I’m being told by someone who doesn’t necessarily know anything solid that Paramount/DreamWorks’ plan on the second Clint Eastwood Iwo Jima film — Red Sun, Black Sand — is to bring it out in early ’07 and not release it, platform-style or otherwise, in late ’06. If this is the determination (and I say “if”) I don’t know if this is the right way to go, as I tried to explain the other day.
The reason I think they may be wrong is that I’m a little uncertain about the Oscar worthiness of Flags of Our Fathers, based on a reading of a draft of Paul Haggis‘s script.
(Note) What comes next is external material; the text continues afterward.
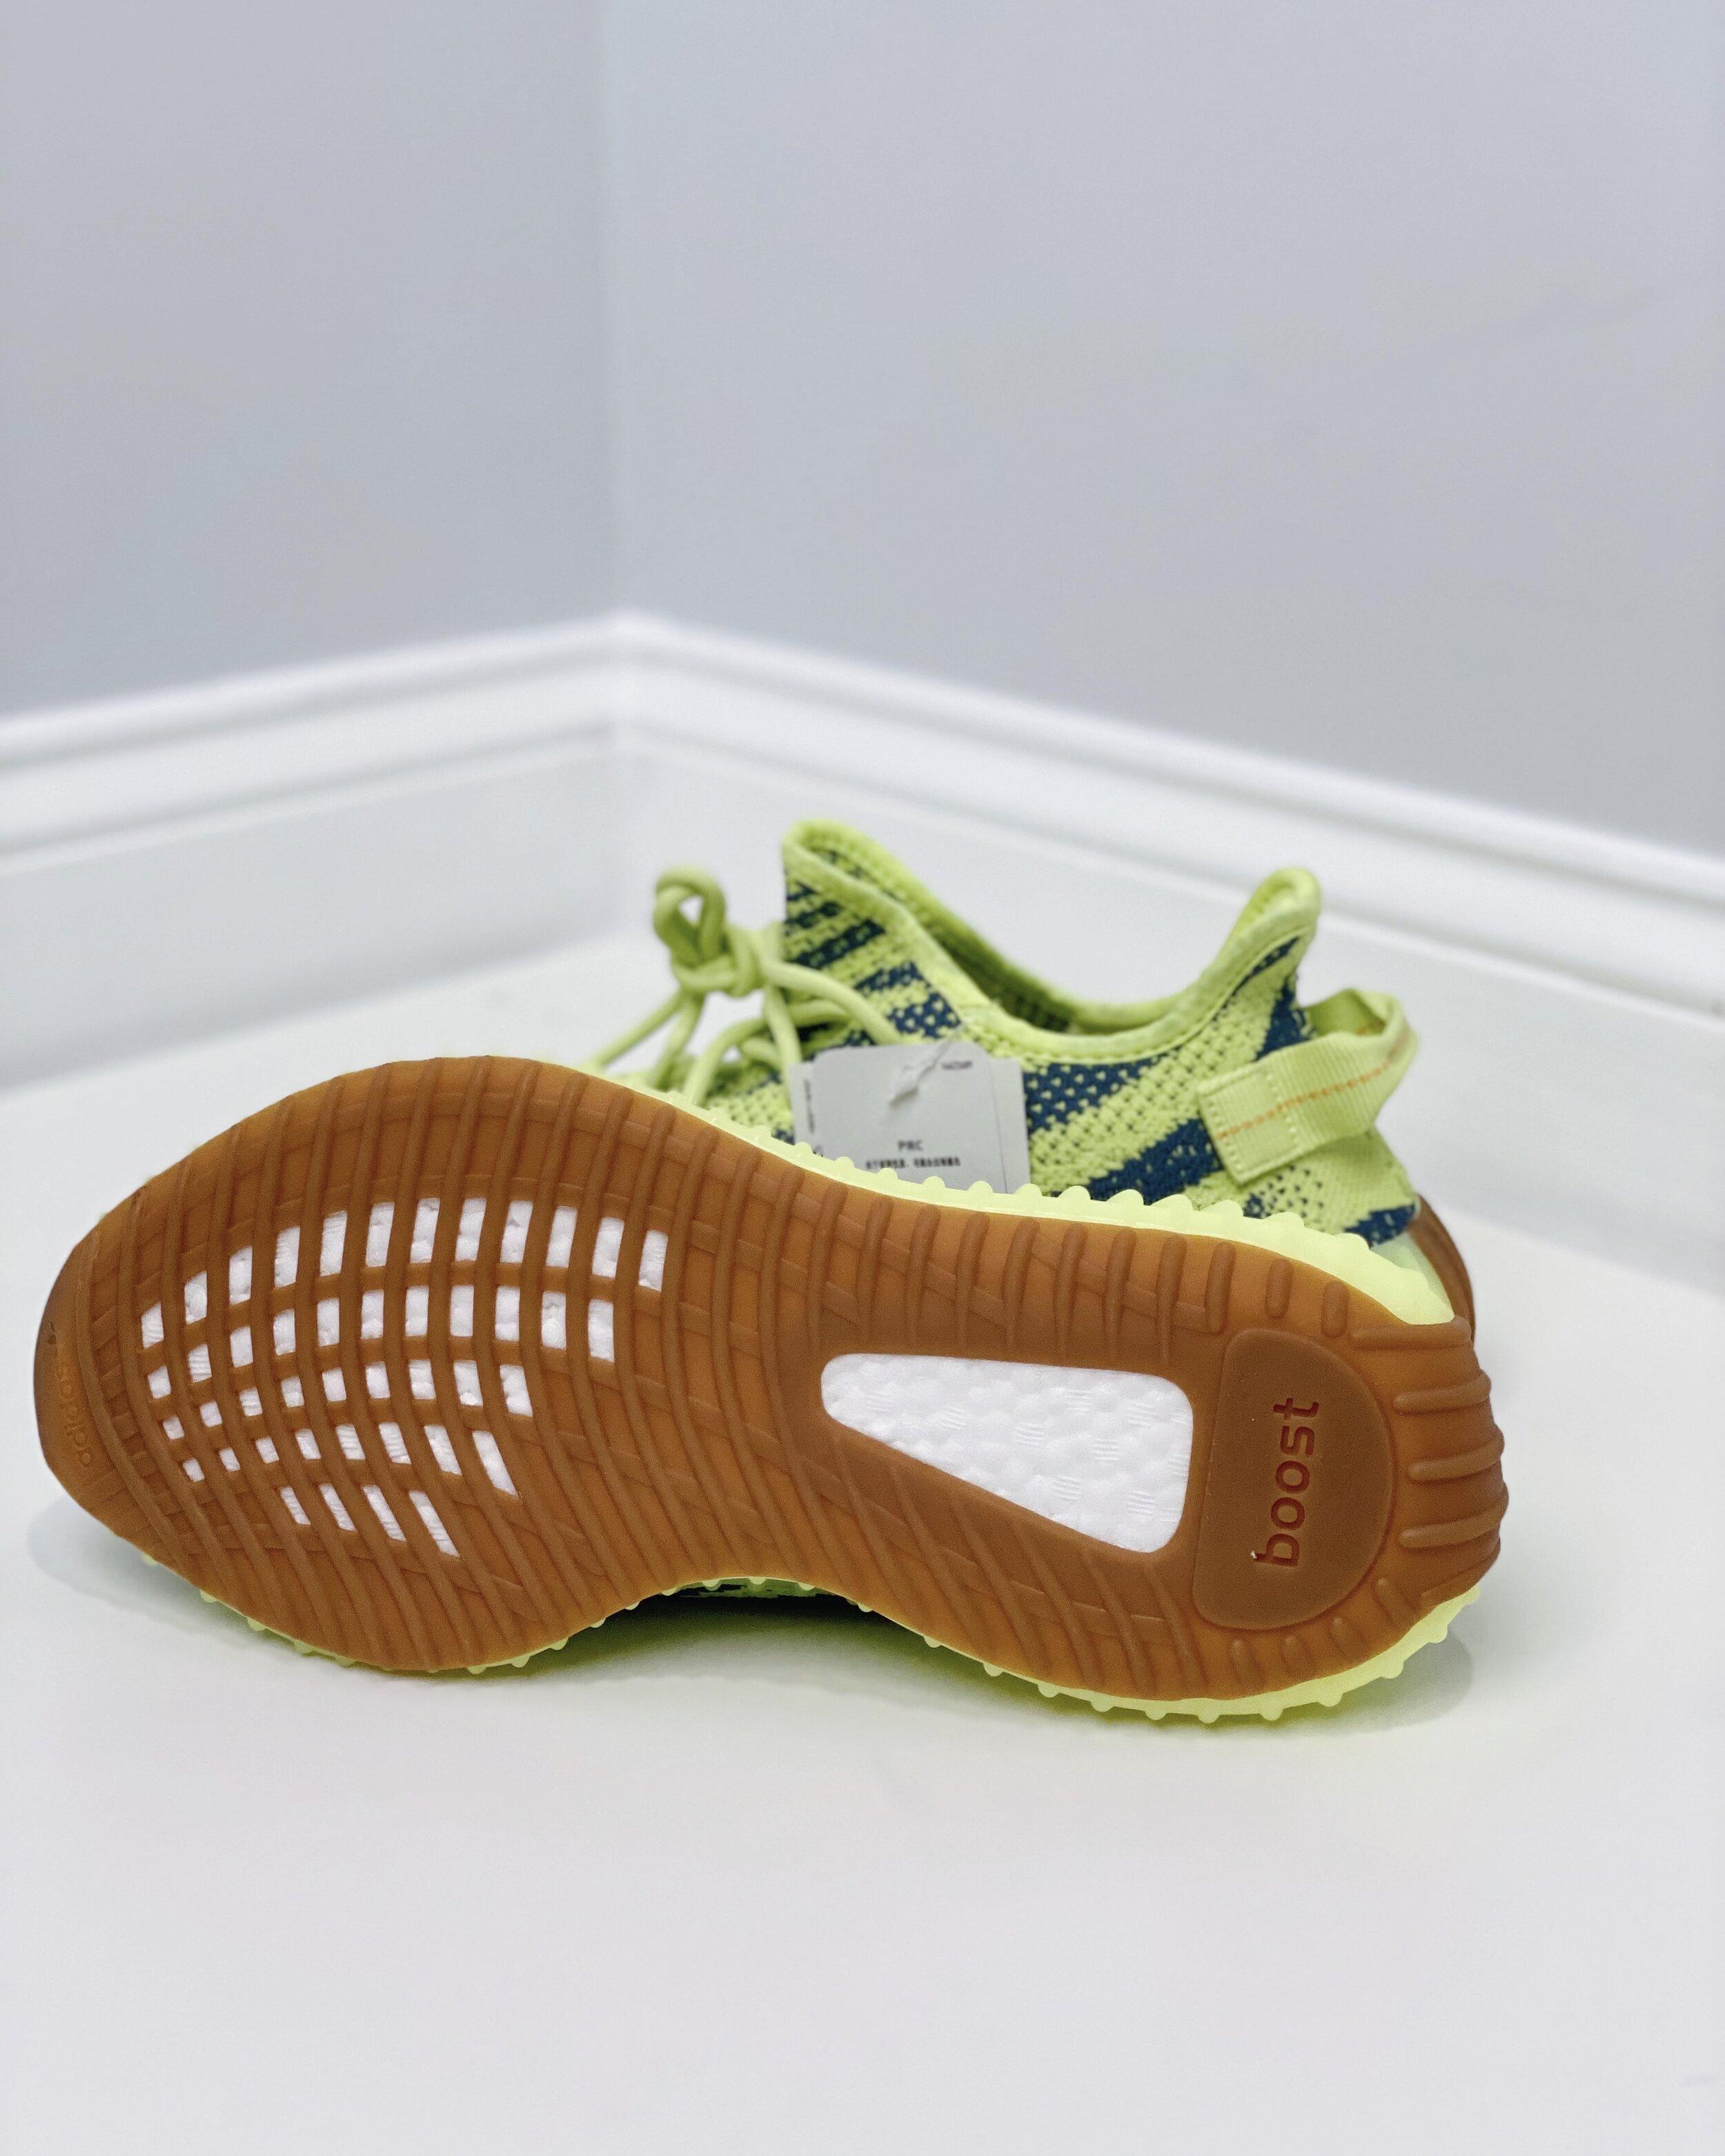 Yeezy Boost 350 V2 Semi Frozen Yellow adidas

Eastwood’s film might have much more going for it than is indicated by Haggis’s script (which I didn’t read a recent draft of), but last March I ran a piece about how it reads, and wrote the following:

“I’m not saying Flags [doesn’t look like] a possible Oscar favorite, or that it doesn’t have the earmarks, in fact, of a presumptive front-runner. But all I can really say for sure, having slept on Haggis’s 119-page script, is that I’m genuinely impressed, but at the same time I’m wondering how much broad-based appeal the film will turn out to have.
“Put bluntly, the script reads like Saving Private Ryan‘s artier, more glum- faced brother. It has a lot of the same battle carnage and then some, a bit of the old-WWII-veteran-looking-back vibe and minus the manipulative Spielberg tearjerk factor but also with less of a narrative through-line.
Fathers is a sad, compassionate, sometimes horrifically violent piece that’s essentially plotless and impressionistic and assembled like a kind of time- tripping poem — a script made from slices of memory and pieces of bodies and heartfelt hugs and salutes from family members and politicians back home, and delivered with a lot of back-and-forth cutting.
“So it’s basically a montage thing that’s obviously more of an art film than a campfire tale, and that means that the sector that says ‘give us a good story and enough with the arty pretensions’ is going to be thinking ‘hmmm’ as they leave the screening room.”